Fica cada vez mais claro que, em grande parte, somos aquilo que imaginamos ser. Segundo o teólogo Moser, quem se imagina inútil, será inútil. Quem, no entanto, busca por todas as formas preencher o vazio existencial com sempre novas atividades e sempre novos projetos a curto, médio e longo prazo, não tem o que temer na velhice. Ainda que tenha de conviver com certos limites, sempre sobrará muito espaço para uma série de atividades, de ordem física, psíquico-afetiva e espiritual.
O envelhecimento bem sucedido é uma arte, que pode ser resumida em algumas expressões, como: viver intensamente todas as idades; cultivar todos os talentos; saber articular limites com a certeza de que sempre se pode dar mais um passo adiante. O envelhecimento bem sucedido é aquele das pessoas que sabem colher flores mesmo entre espinhos. Todas as etapas da vida são belas e produtivas para quem, em vez de entregar os pontos, vai estendendo sempre mais a faixa dos limites que à primeira vista parecem intransponíveis. Pois o ser humano pode muito mais do que imagina, desde que, movido pela autoconfiança e a confiança dos seus semelhantes, coloque sua esperança naquele que o enviou a essa terra para cumprir uma missão. E a longevidade com qualidade de vida, com certeza, revela como nenhuma fase anterior, o rosto das pessoas realizadas por terem cumprido sua missão até o fim (REB 277).

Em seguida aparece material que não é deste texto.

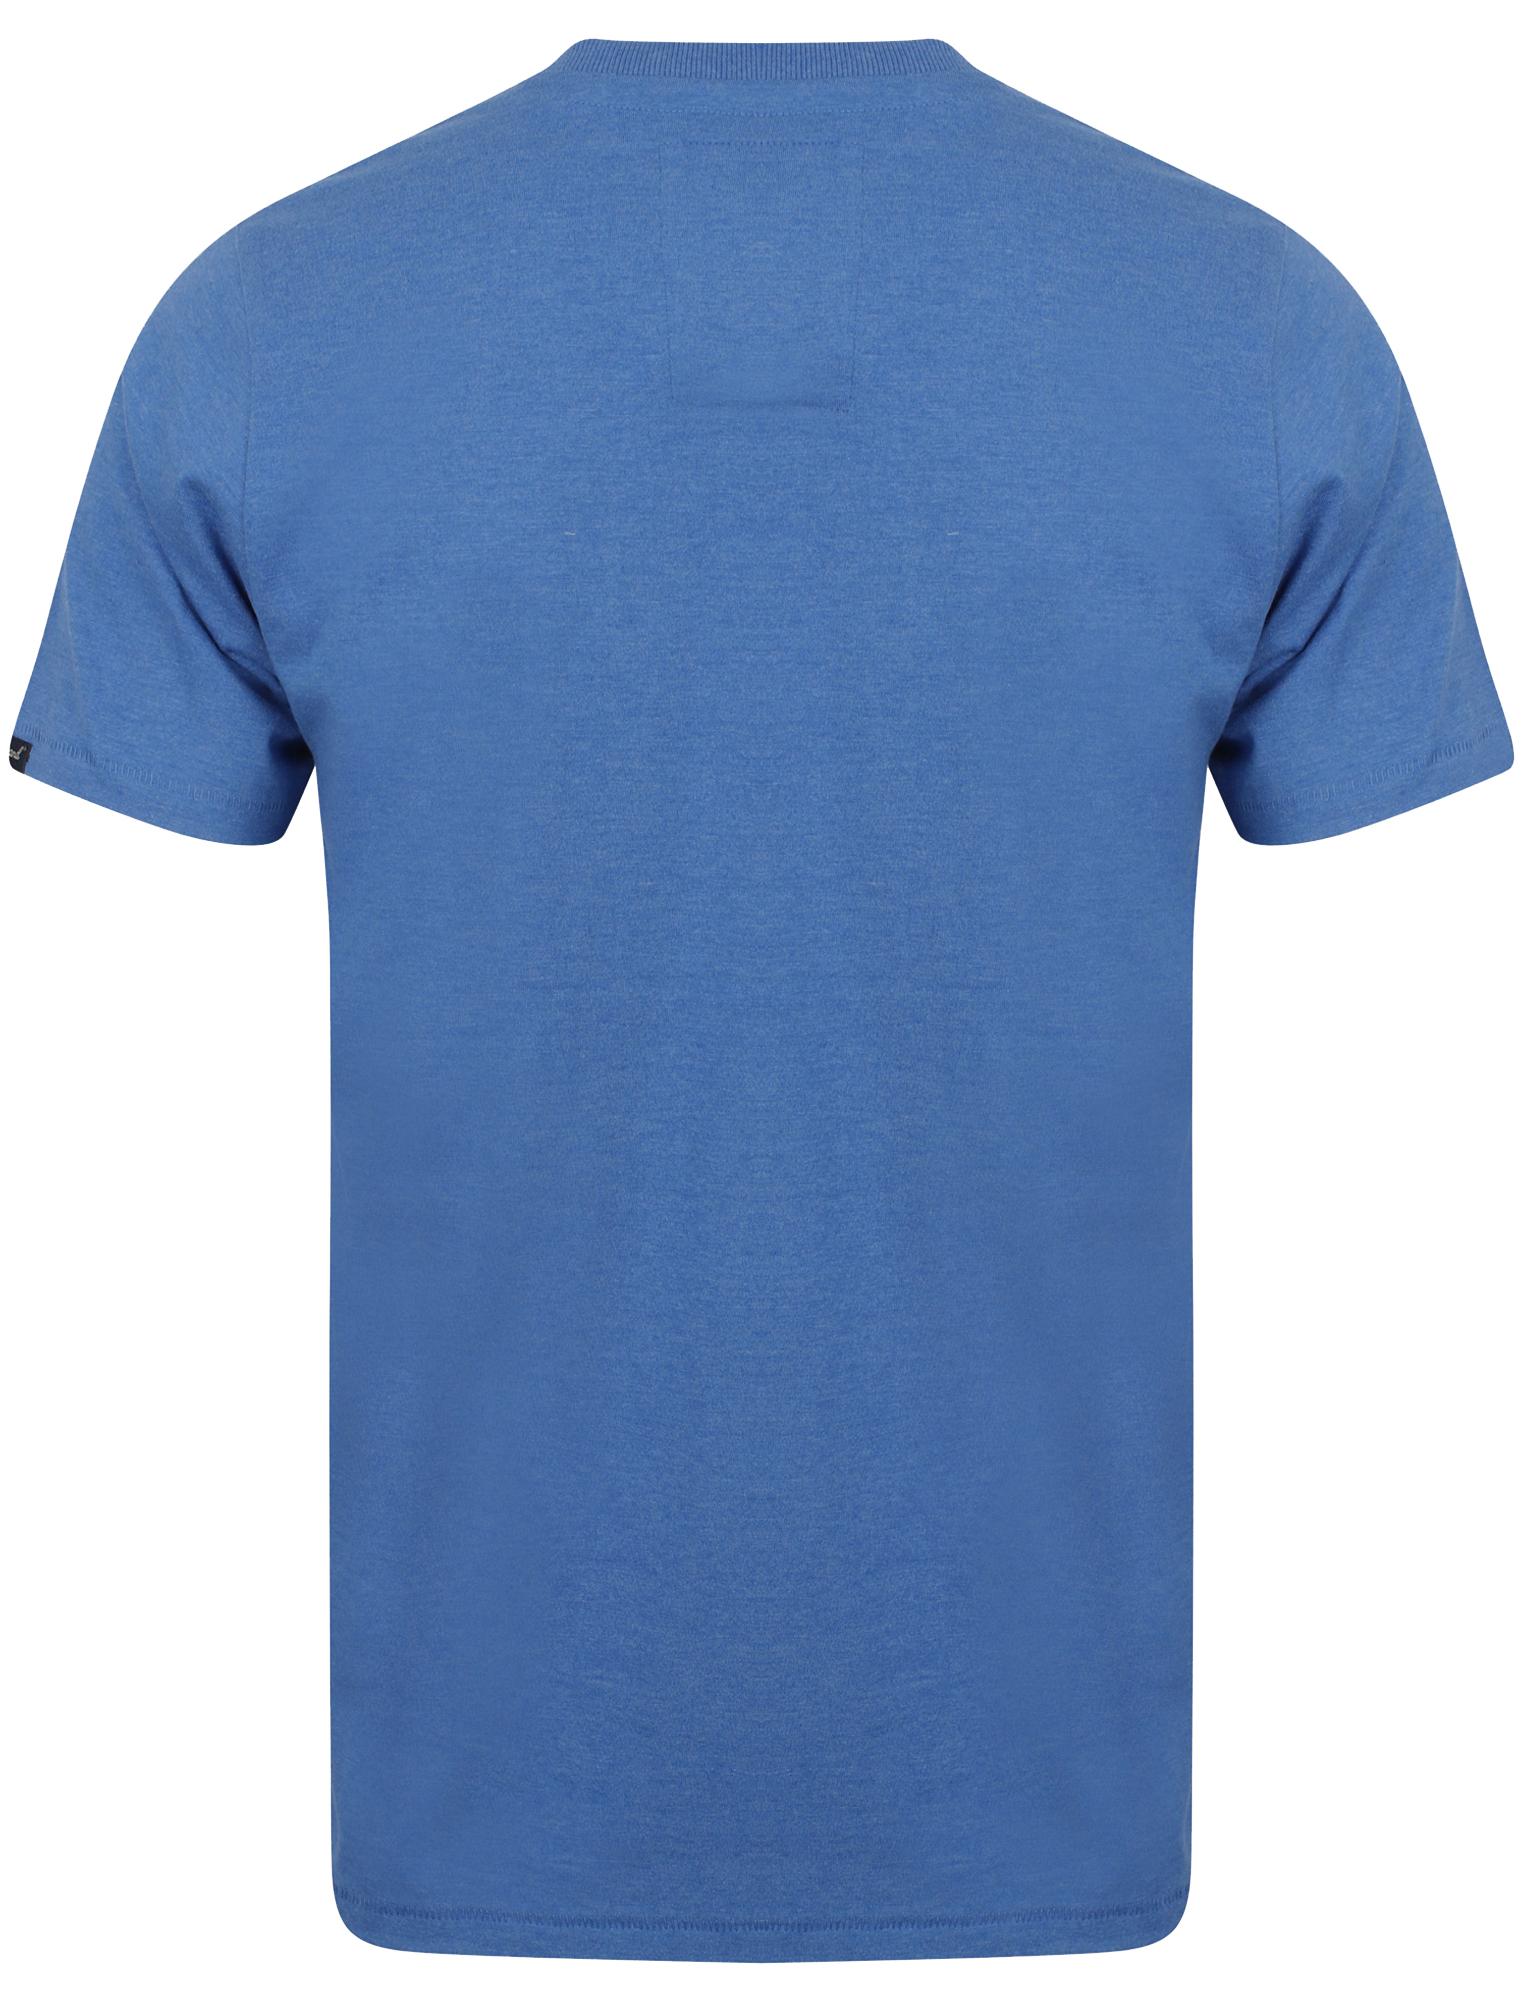 New-Mens-Tokyo-Laundry-Montecarlo-Crew-Neck-Cotton-Rich-Soft-T-Shirt-Size-S-XXL thumbnail 12

Saúdo os irmãos enfermos: Cristo os convida a segui-lo, tomando cada um sua cruz. Seguindo-o, adquirem uma nova visão da doença e dos doentes. Jesus os associa a sua vida pobre e de servidor. Faz com que participem de seu ministério de compaixão e de cura: “Partindo, eles pregavam que todos se arrependessem. E expulsavam muitos demônios e curavam muitos enfermos, ungindo-os com óleo”(Mc 6,12-13;CIC §1506).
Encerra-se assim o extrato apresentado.